Start of Dataset excerpt
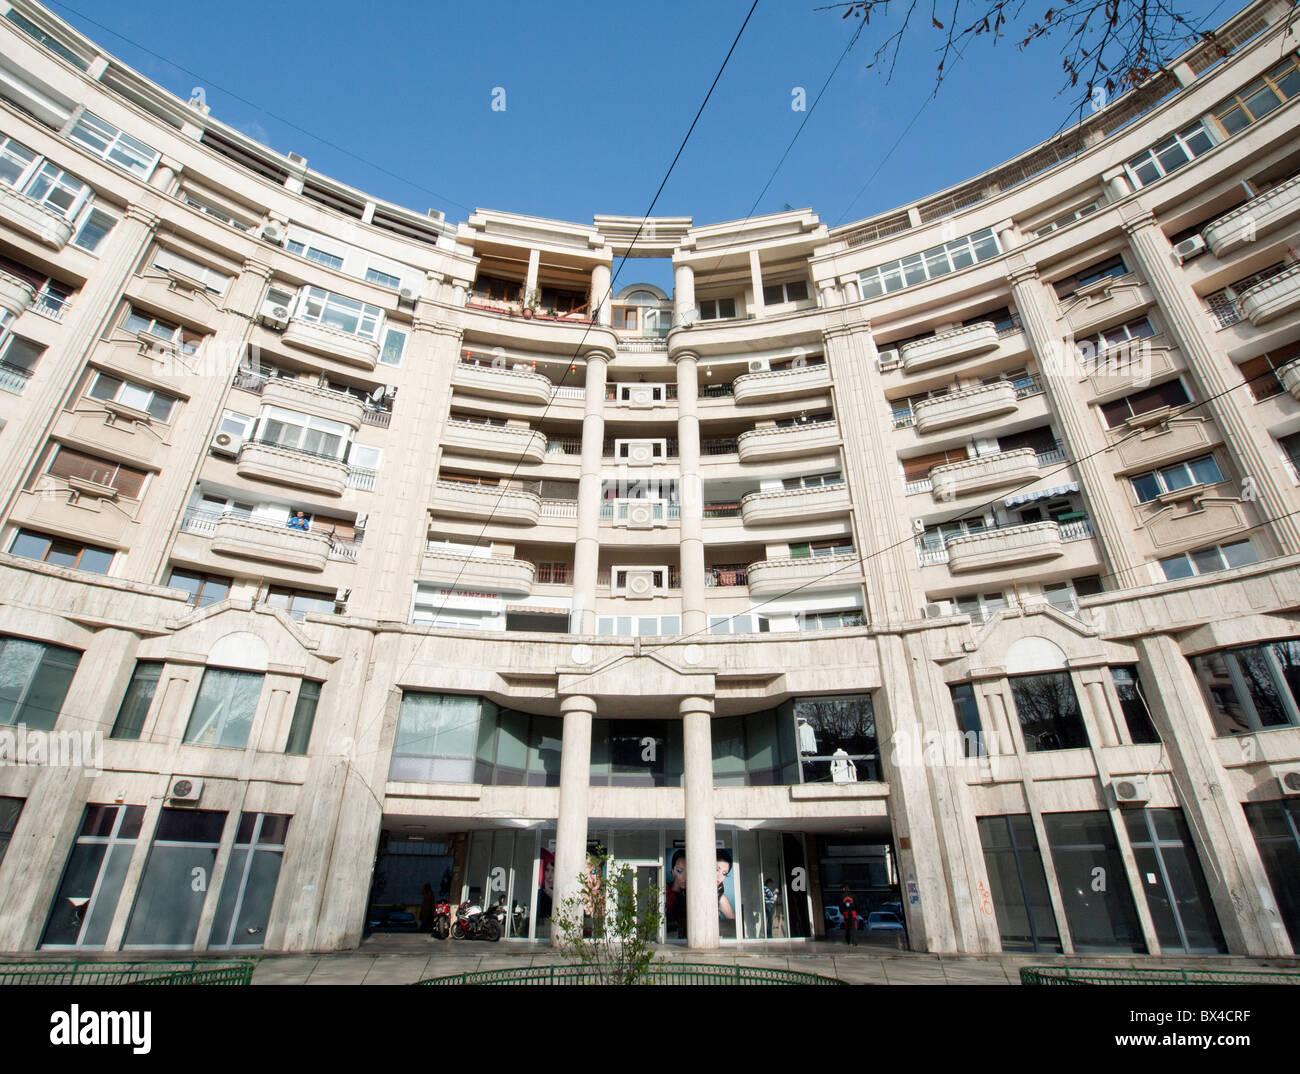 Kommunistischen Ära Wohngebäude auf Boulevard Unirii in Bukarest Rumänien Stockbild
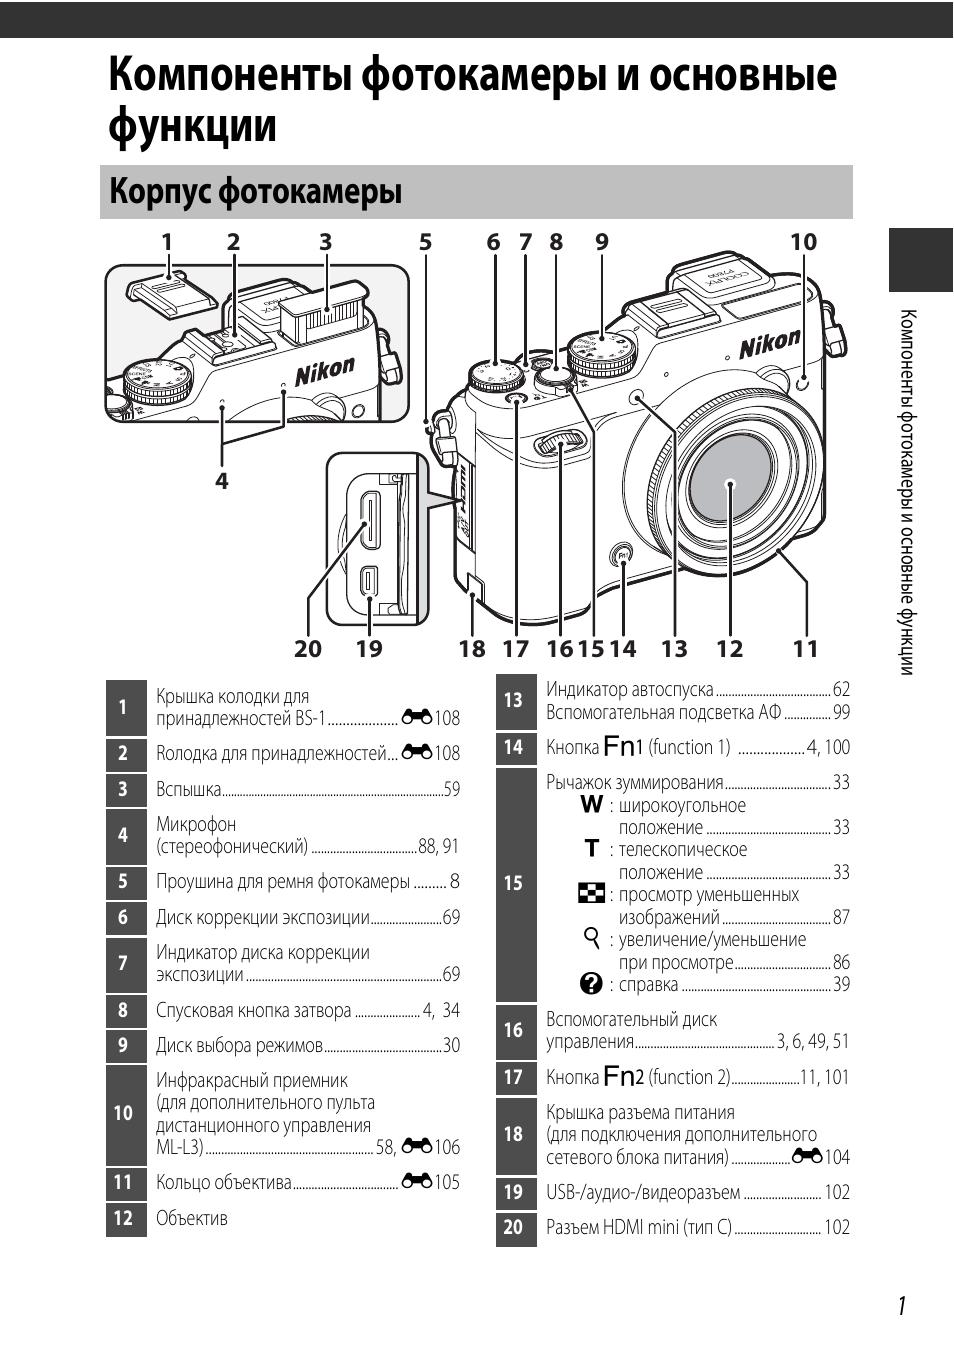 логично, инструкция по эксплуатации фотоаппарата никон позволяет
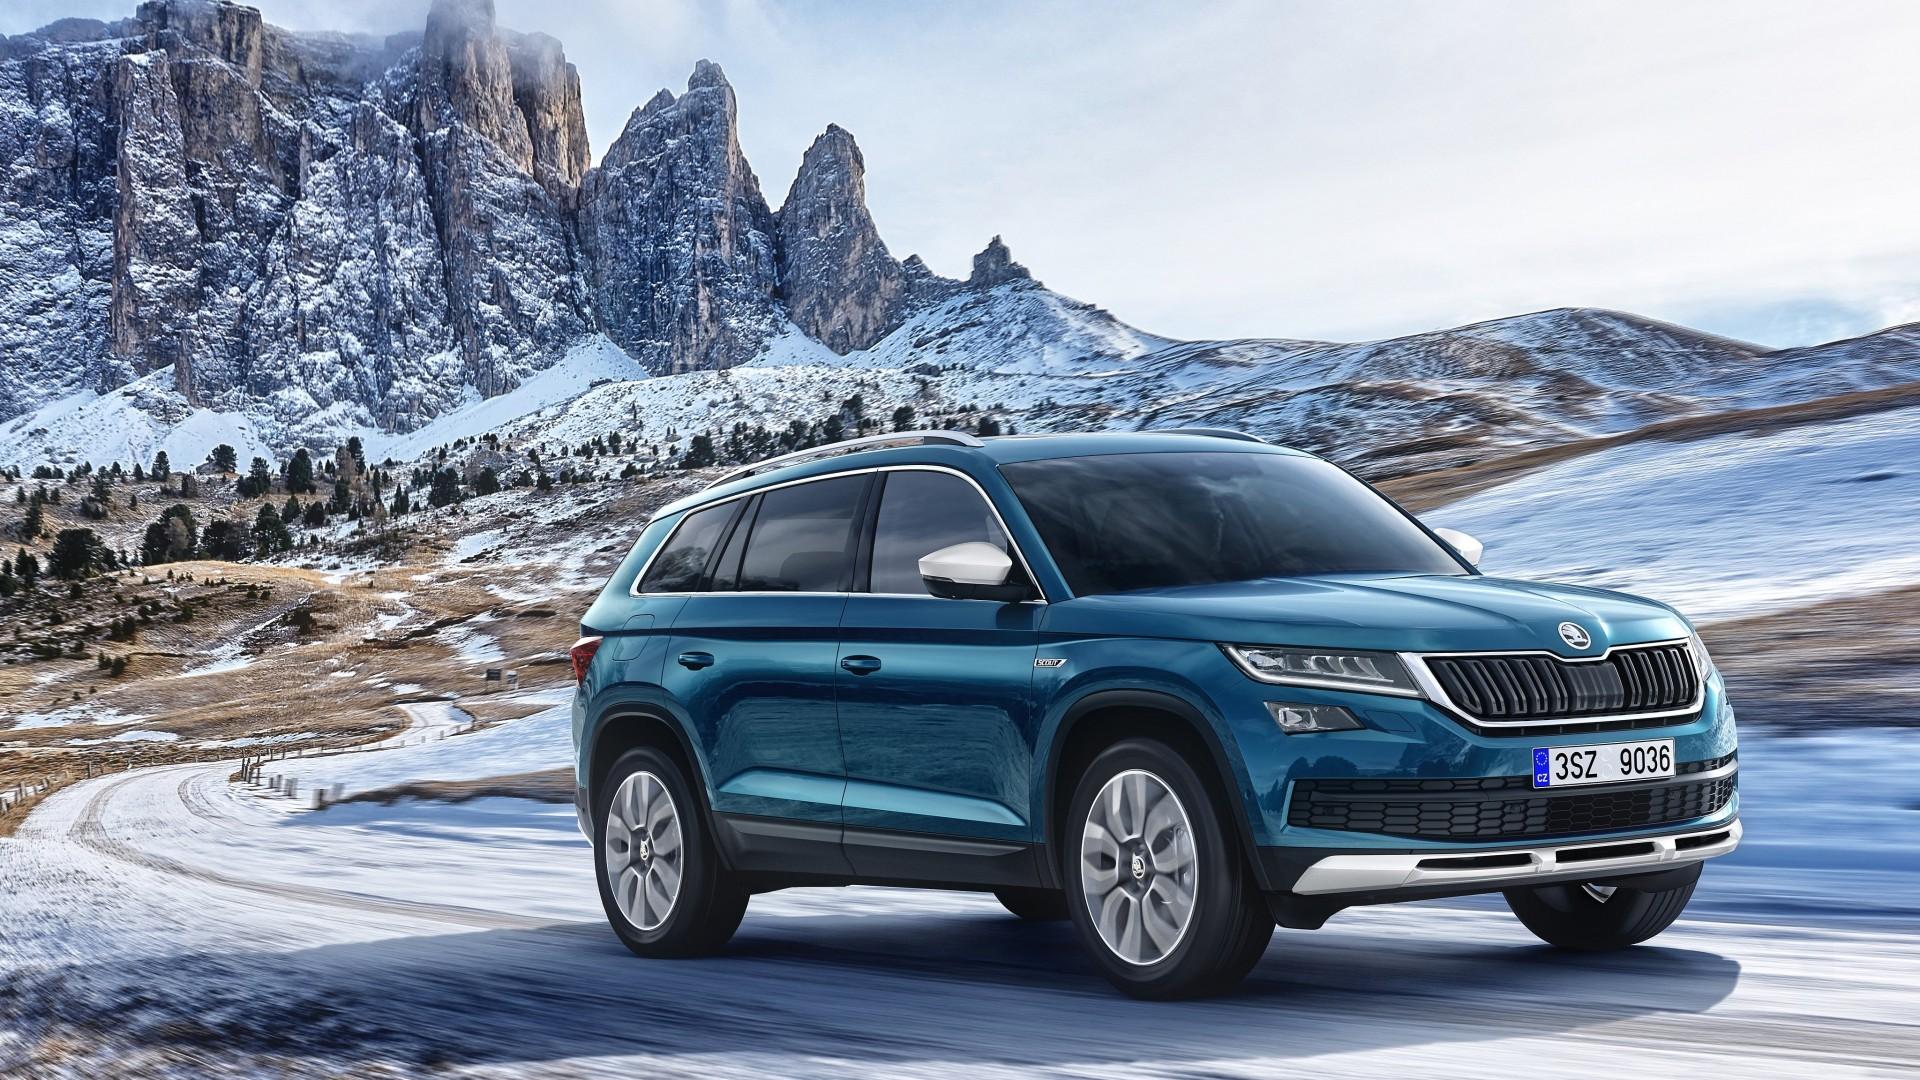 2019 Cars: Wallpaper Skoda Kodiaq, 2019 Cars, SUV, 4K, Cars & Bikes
End of Dataset excerpt
» Task to carry out
Without copying any picture, write out all of the material exactly as it reads.

» Output of the exercise
 Kommunistischen Ära Wohngebäude auf Boulevard Unirii in Bukarest Rumänien Stockbild
 логично, инструкция по эксплуатации фотоаппарата никон позволяет
 2019 Cars: Wallpaper Skoda Kodiaq, 2019 Cars, SUV, 4K, Cars & Bikes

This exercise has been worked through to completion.